━━━ Recorded information ━━━

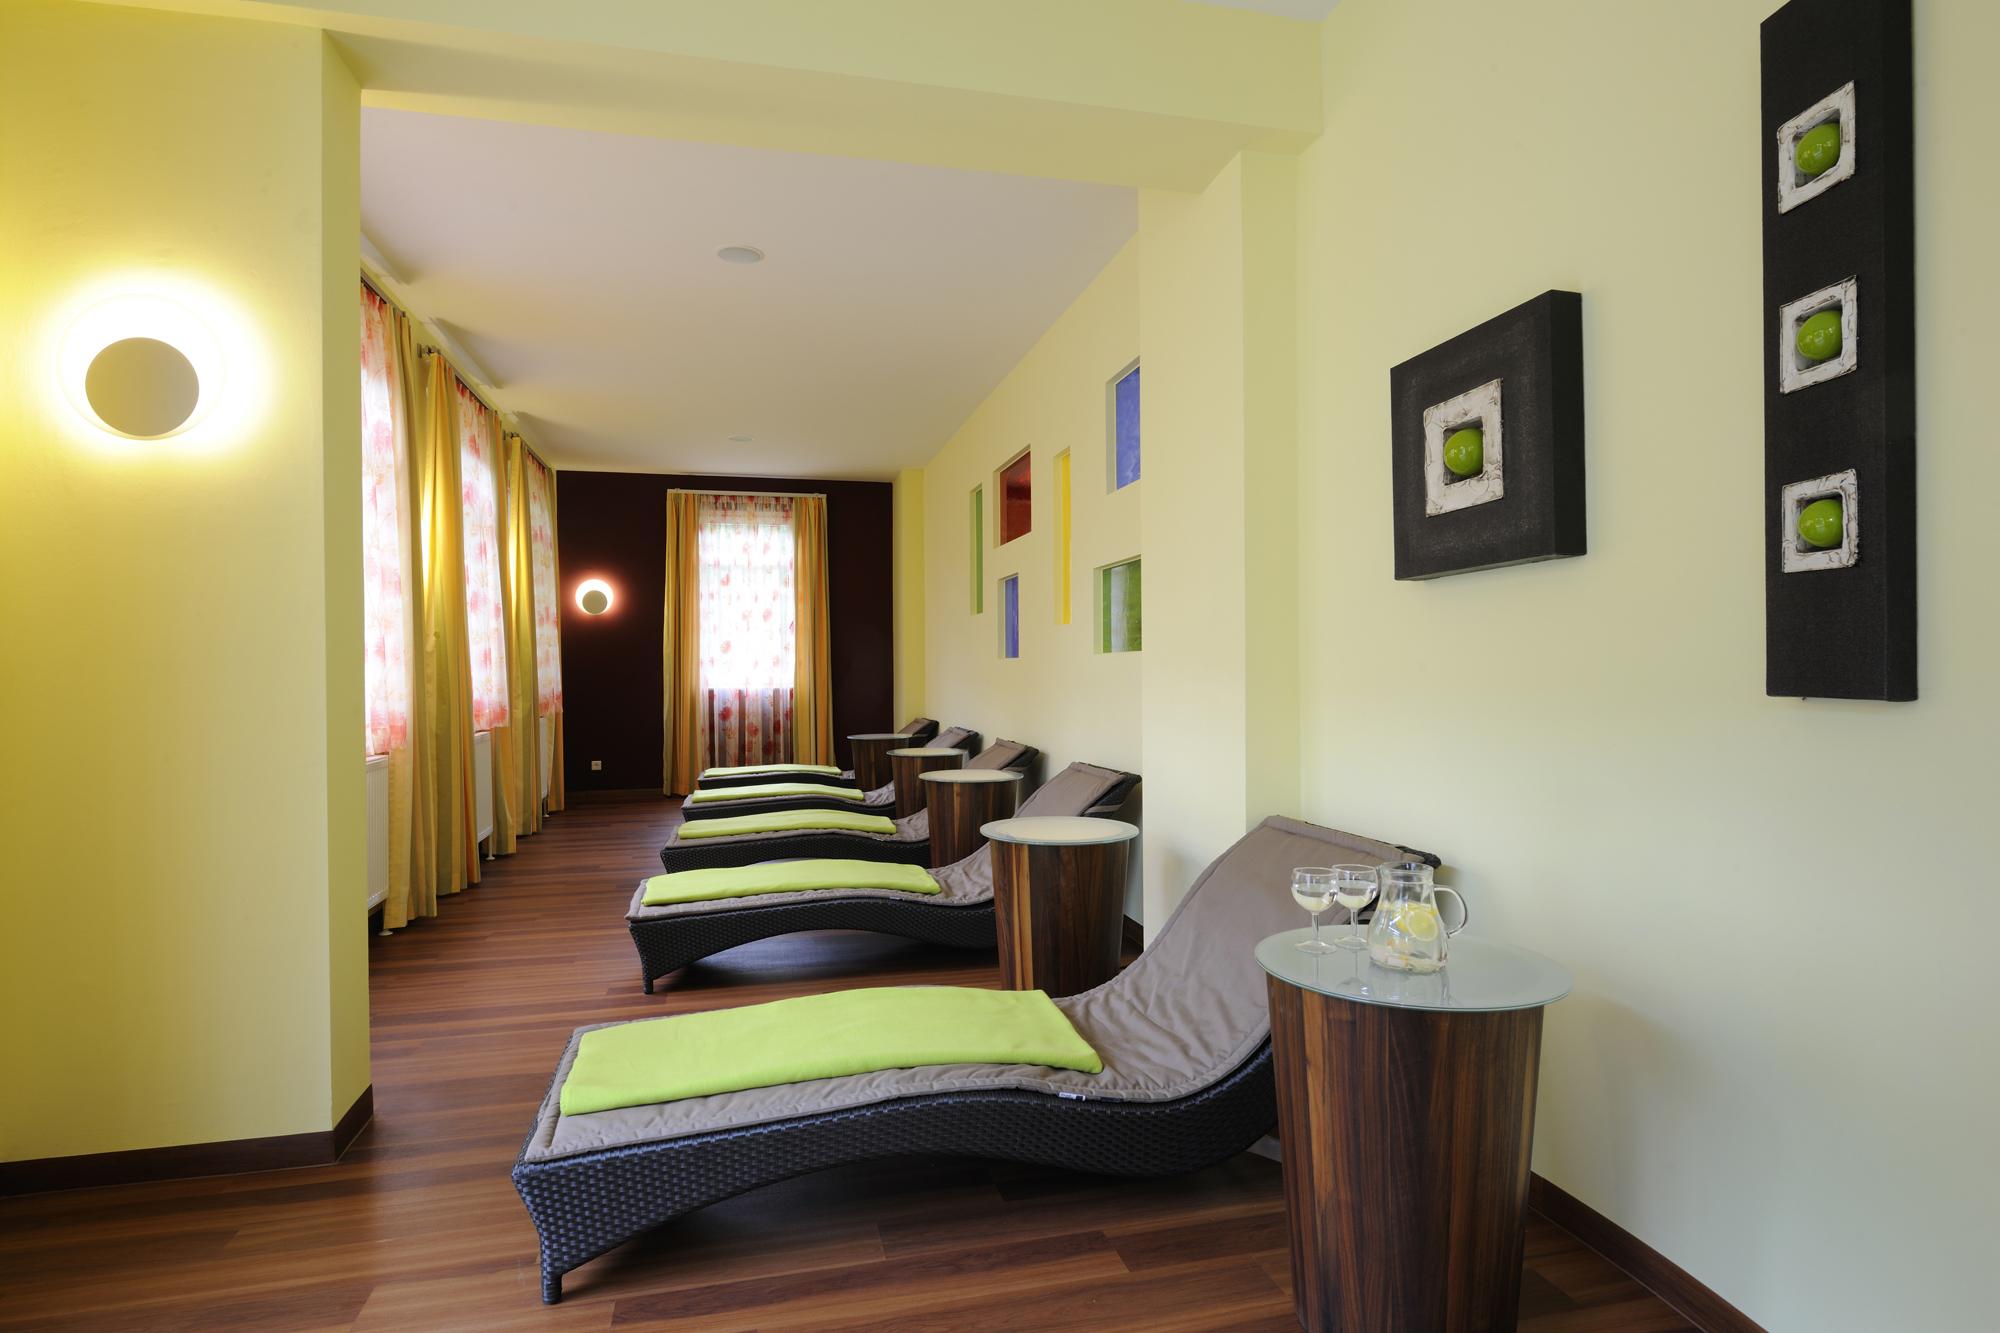 Johannesbad Hotel Phönix Bild3
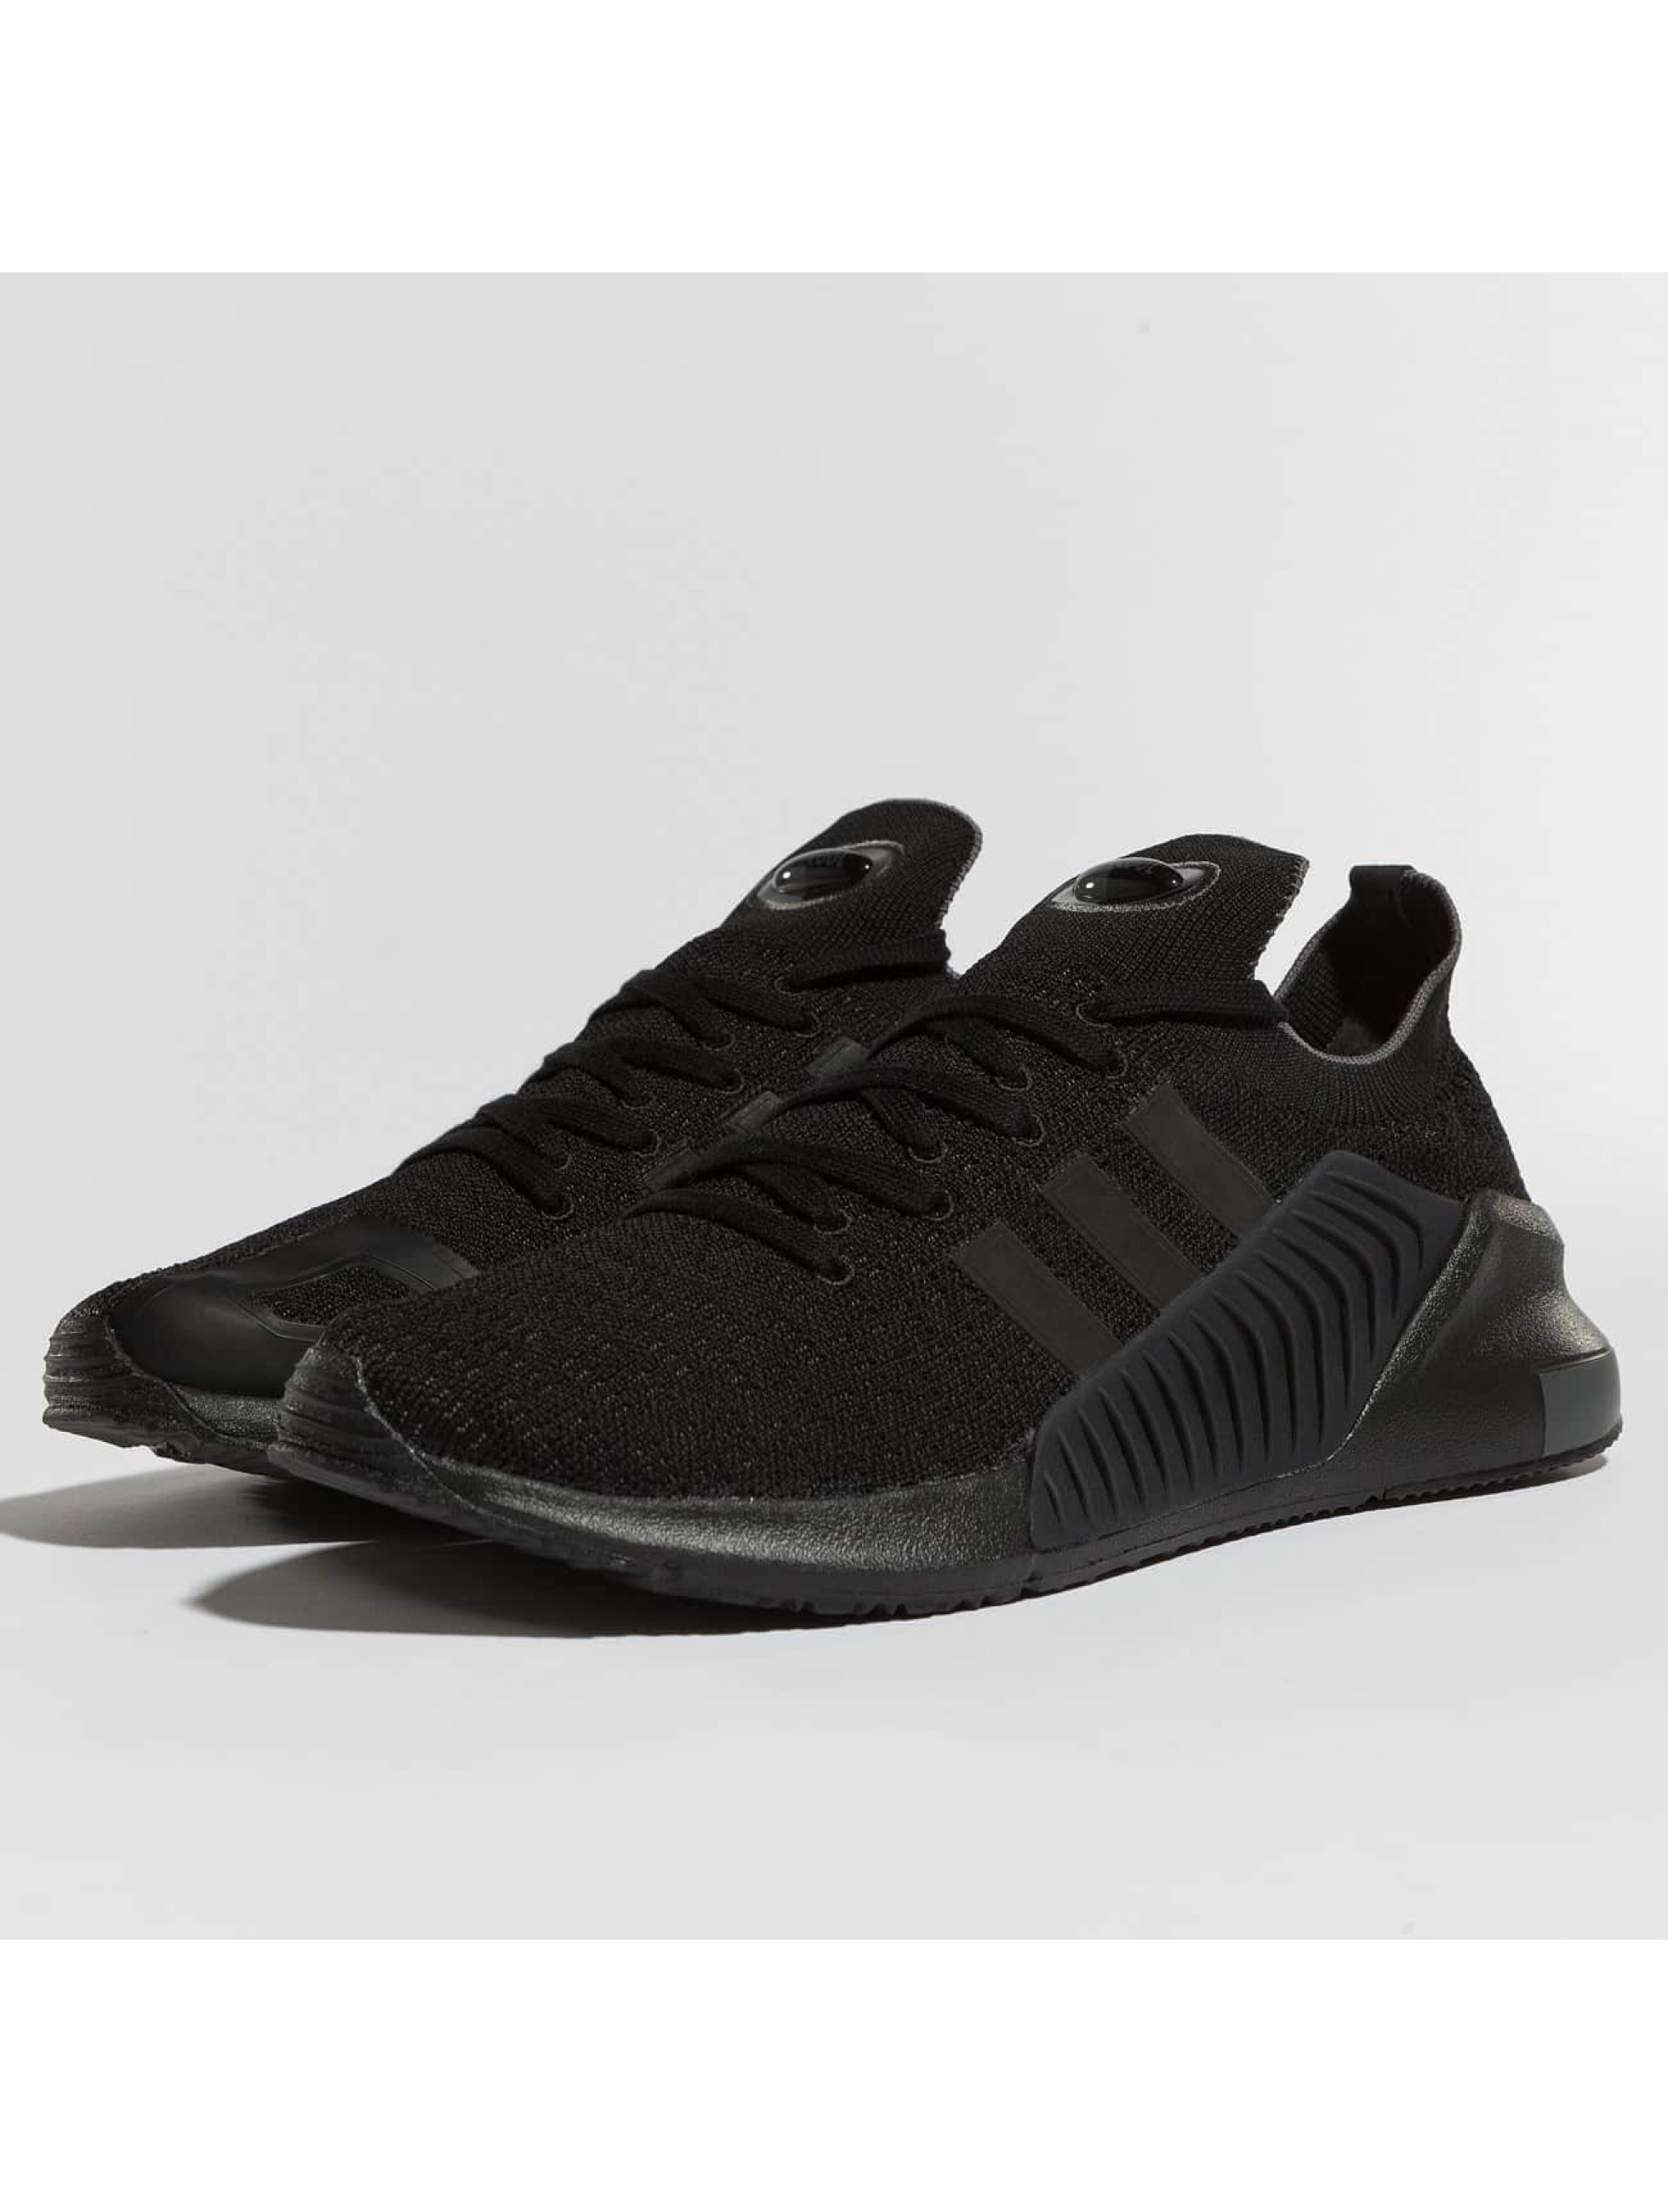 buy online 8c4dd a683a adidas originals Skor   Sneakers Climacool i svart 436965
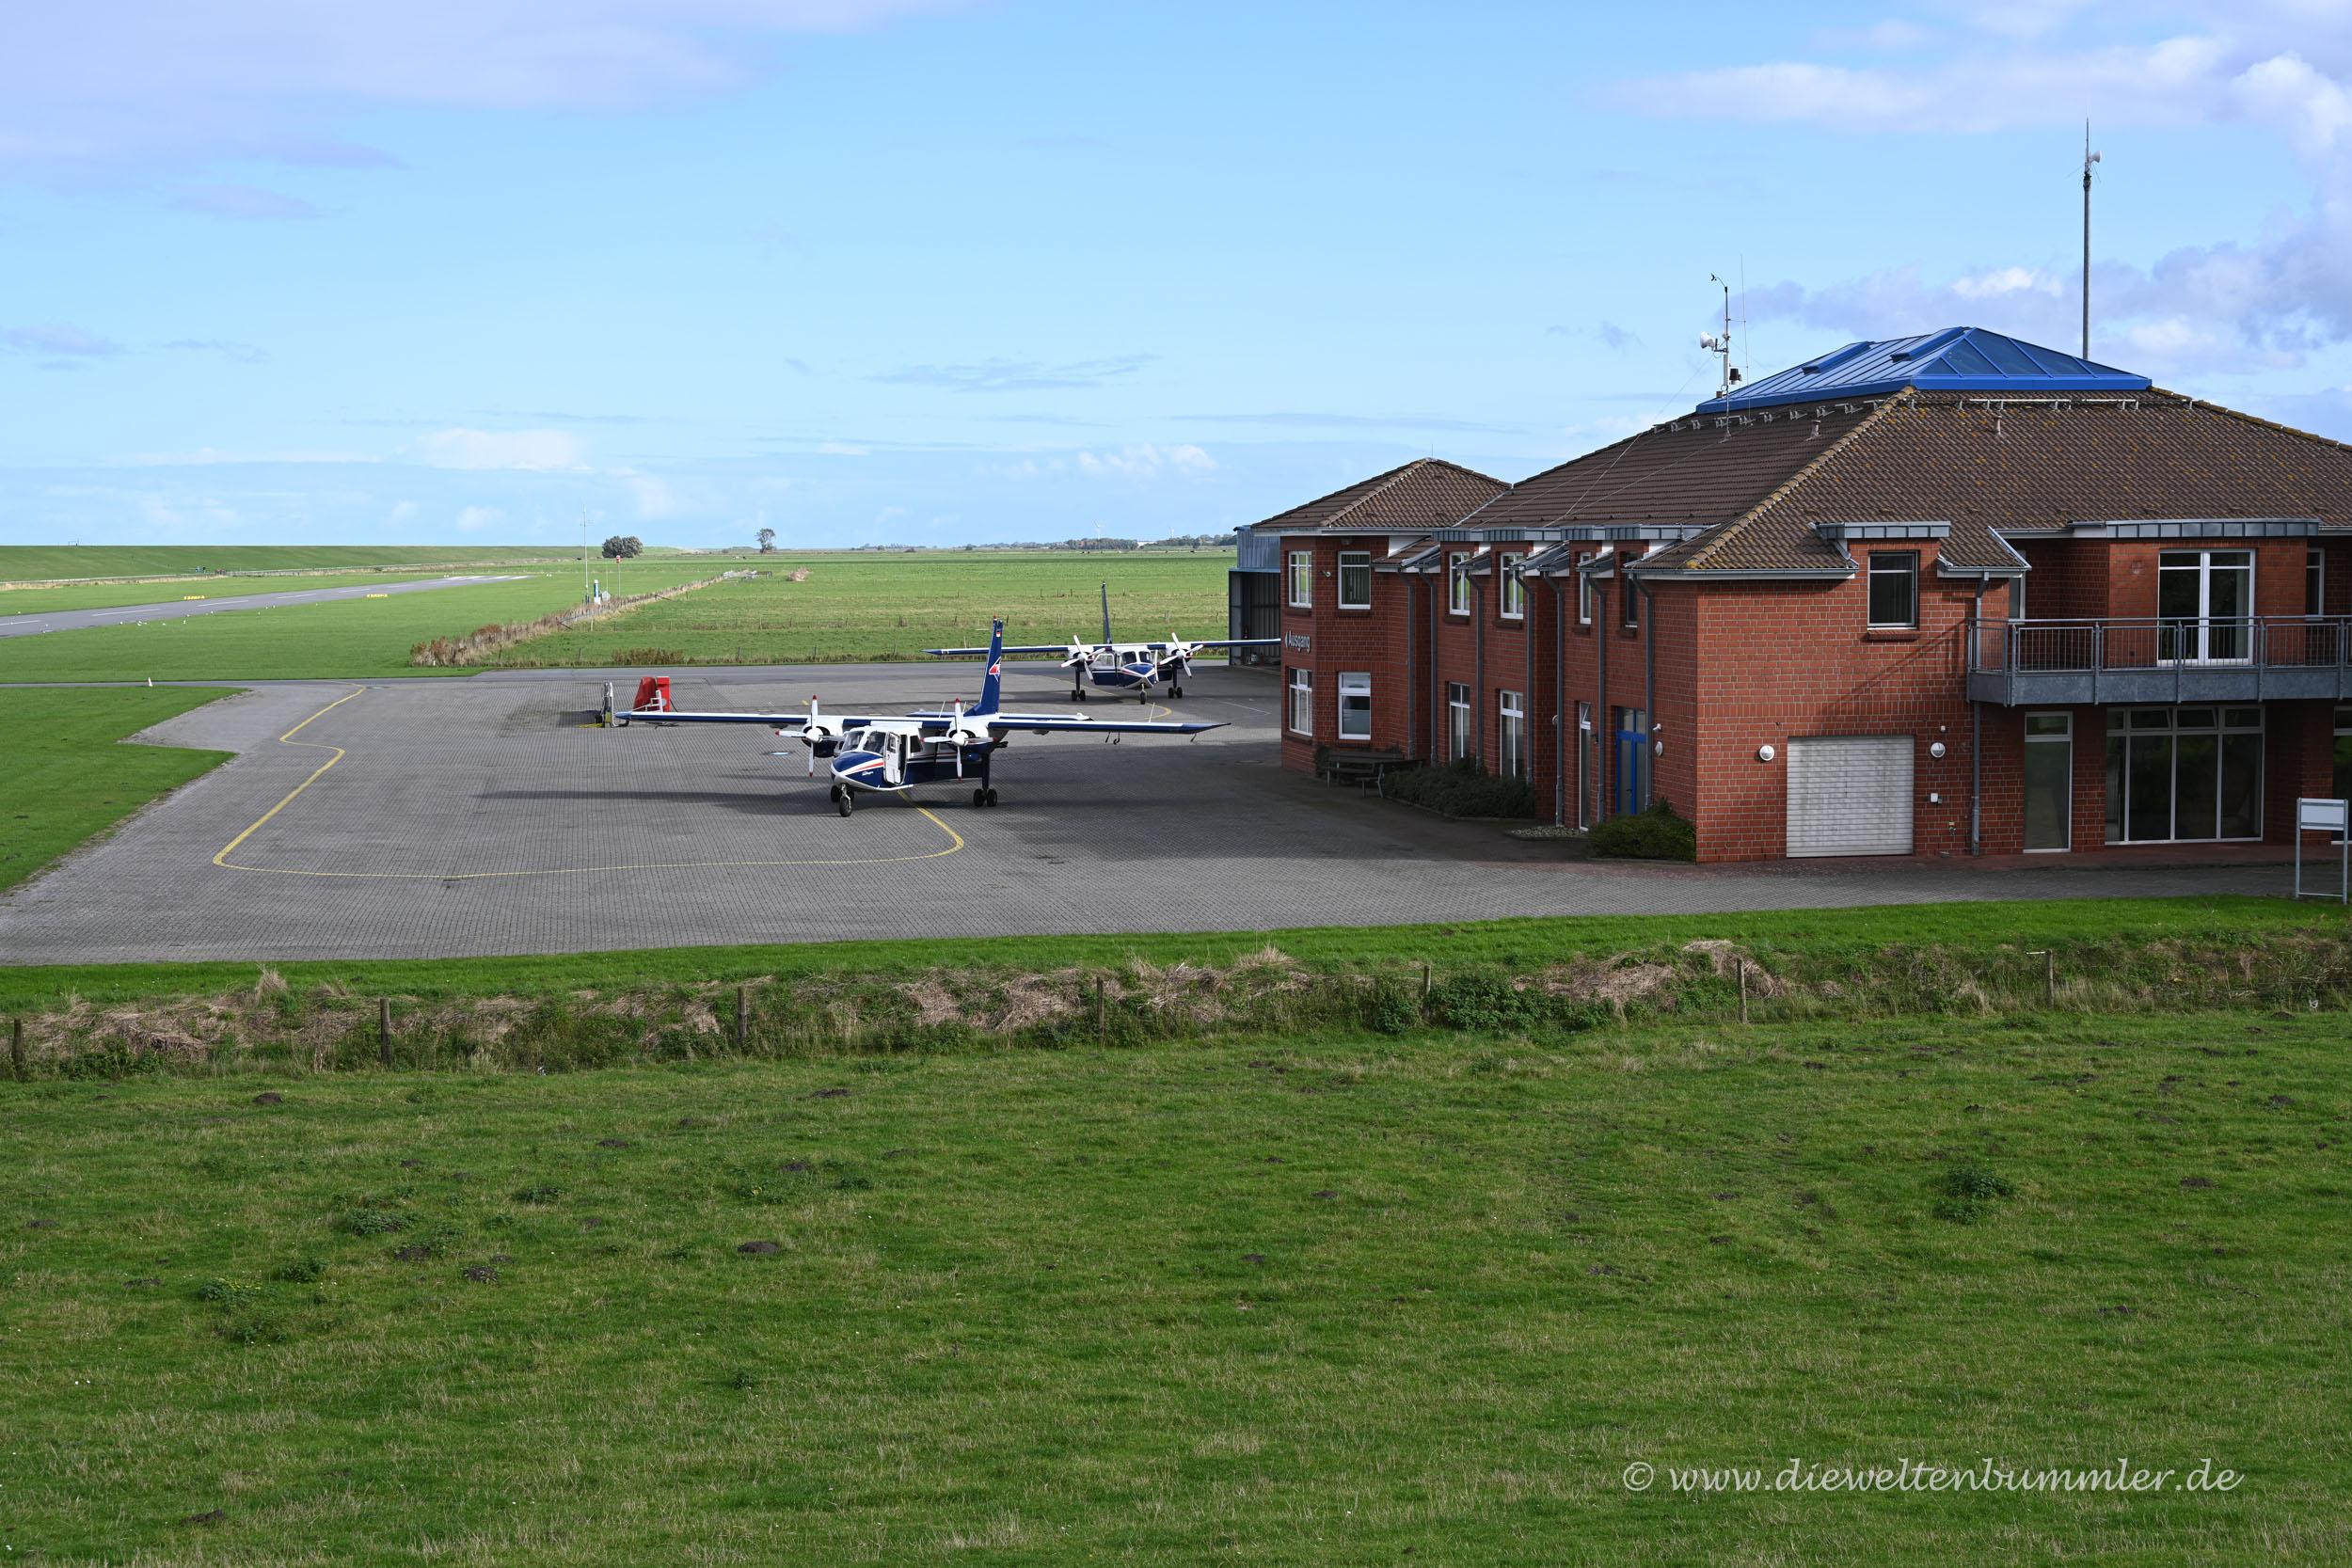 Flugplatz Harlesiel

━━━

Write out the listing again word for word, but without its pictures.

 Johannesbad Hotel Phönix Bild3
 buy online 8c4dd a683a adidas originals Skor   Sneakers Climacool i svart 436965
 Flugplatz Harlesiel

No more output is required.